Ничего страшного, вон у краюшки леса какой-то тип робко пытается грибок сорвать, побыстрее его в лукошко сунуть – и назад с колотящимся от страха сердцем. Грибы в лесу дремучем никто не жрет, мутаций всяких ядовитых и без них хватает, да и нагибаться за такой мелочью лень, а может, просто руки не дошли, когда не успеваешь все лесные дары перемолачивать. Однако порядок есть порядок.
Прихватывает мент проклятого расхитителя народного лесного добра и визжит во все горло: “Попался, наконец, погубитель. Вот кто подрывал корни нашего богатейшего леса, расшатывал во все стороны дубы-березы и воровал у народа не хватающие ему для полного изобилия радиоактивные грибы. Ату тебя! Колись, сука, что еще натворил, а то я тебе за пазуху для полноты подвышечного счастья самолично грибов напихаю. Значит это ты занимался в лесу разбоем, совершал поворот могучей реки и посылал вражеские сигналы во все стороны?
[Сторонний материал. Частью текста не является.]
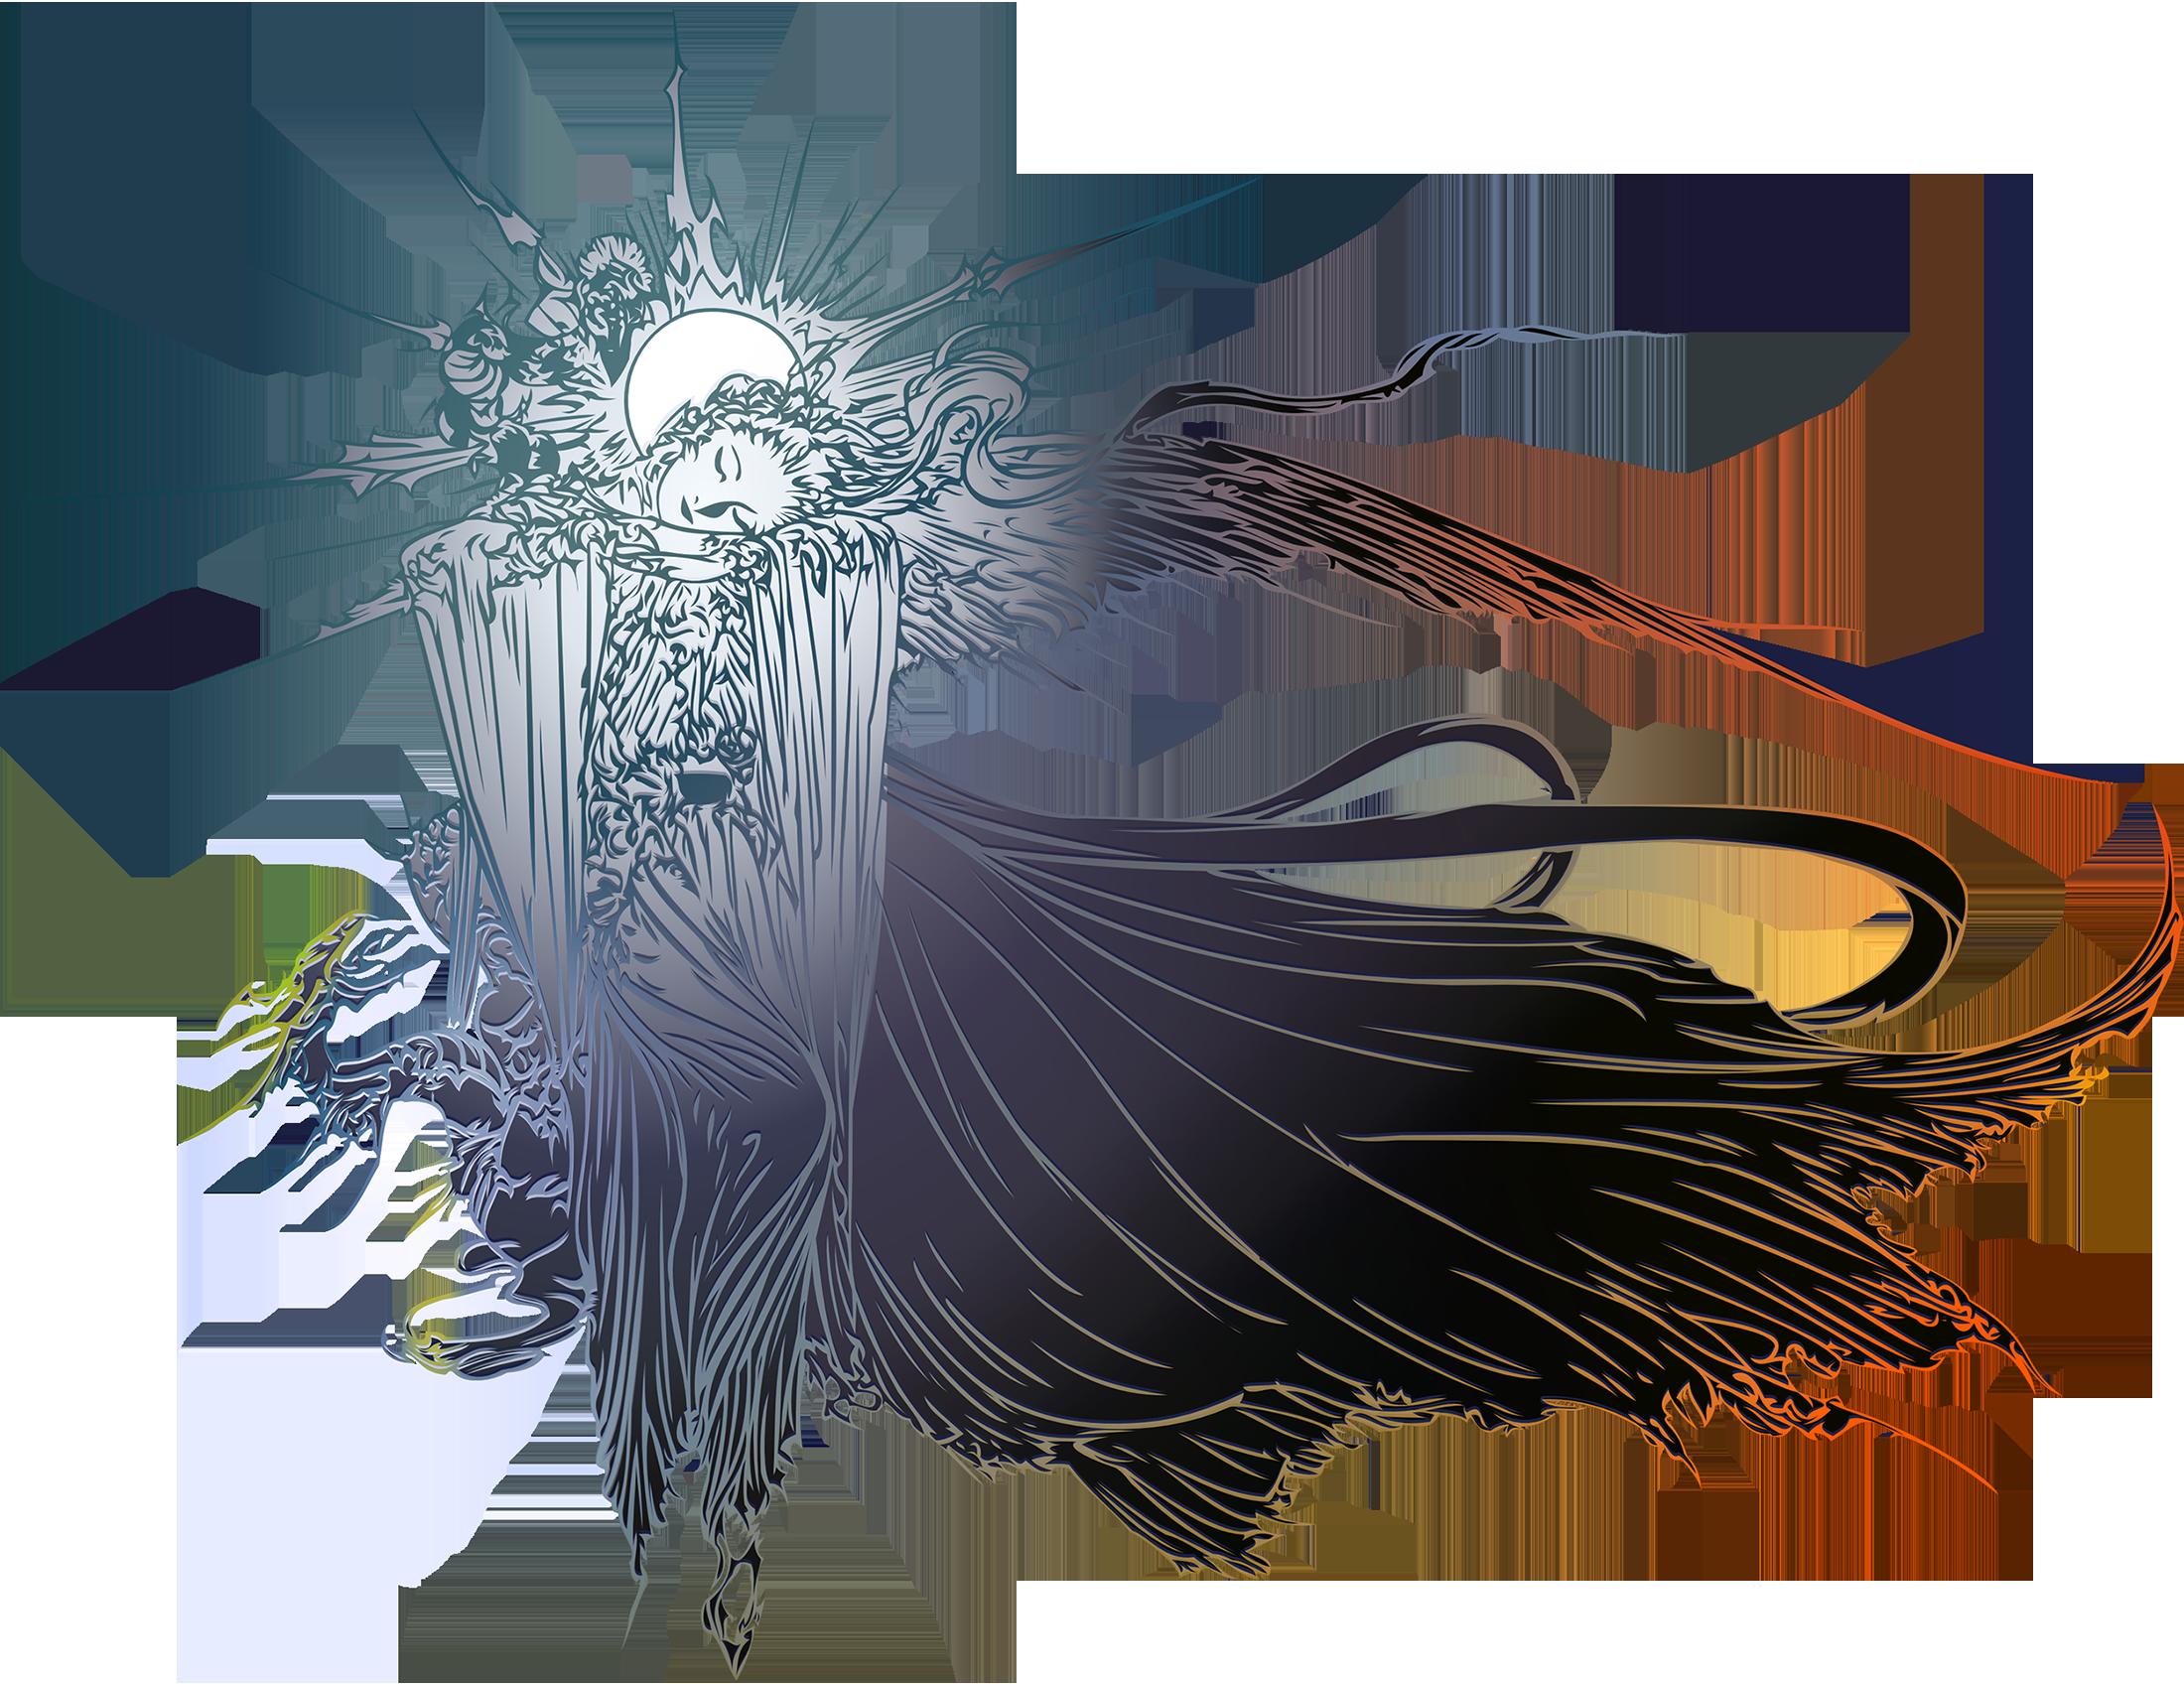 1419098493 Final Fantasy Xv Logo Png 2200 1696 Kartinki S Poslednej Fantaziej Fentezi Risunki Fentezi
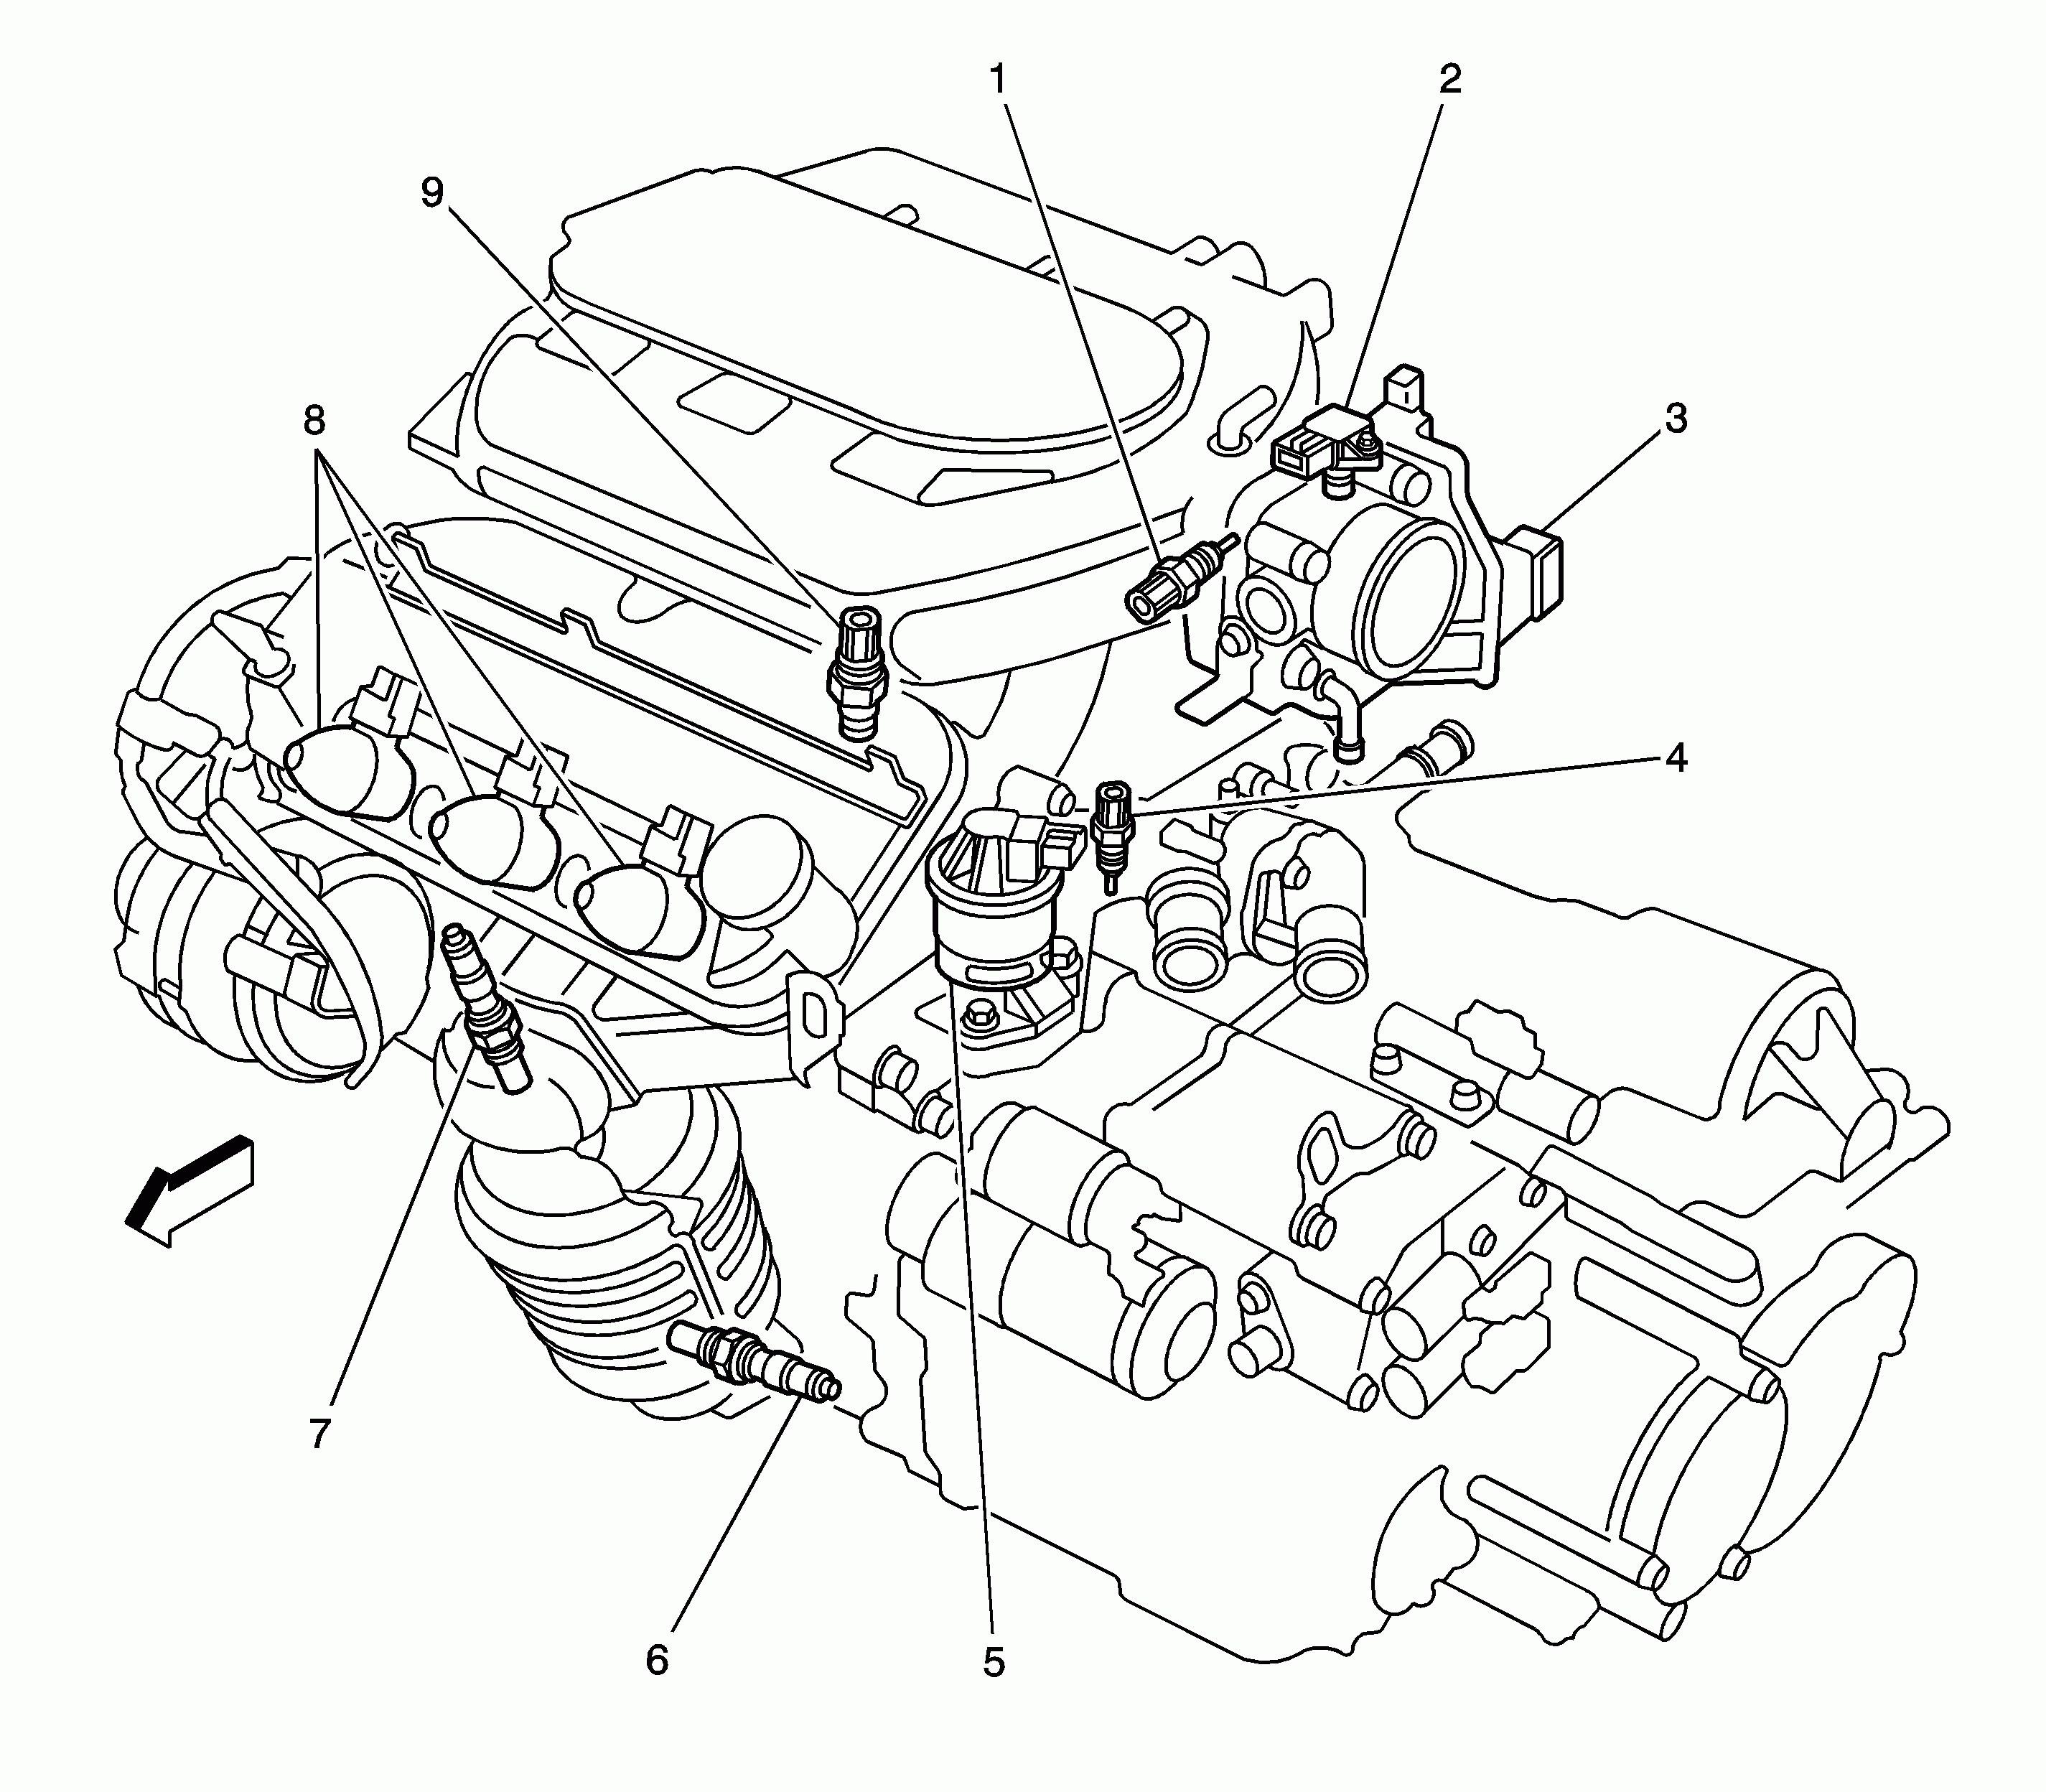 Ion Engine Diagram 1999 Pontiac Grand Am Engine Fuse Diagram Pontiac Wiring Diagrams Of Ion Engine Diagram

Колись, мы и так все знаем. Редкая птица, говоришь, долетит до середины, самоубийца явная? На той птичке, между прочим, и дактилоскопия это непременно докажет, отпечатки твоих пальцев с трупным указателем под ногтями по поводу найденного неподалеку скелета мамонта, стоявшего на страже пропавшего главного художественного достояния нашего родимого леса в виде картины “Иван-царевич пежит Василису Прекрасную на сером волке”.
Ты на меня затравленно не смотри, думаешь, нам неизвестно, кто прокладывал в экологически чистой чаще вредный всем зеленым, а также другим помешавшимся на той зелени газонефтепровод, контролируемый мафиозной группировкой в твоем лице?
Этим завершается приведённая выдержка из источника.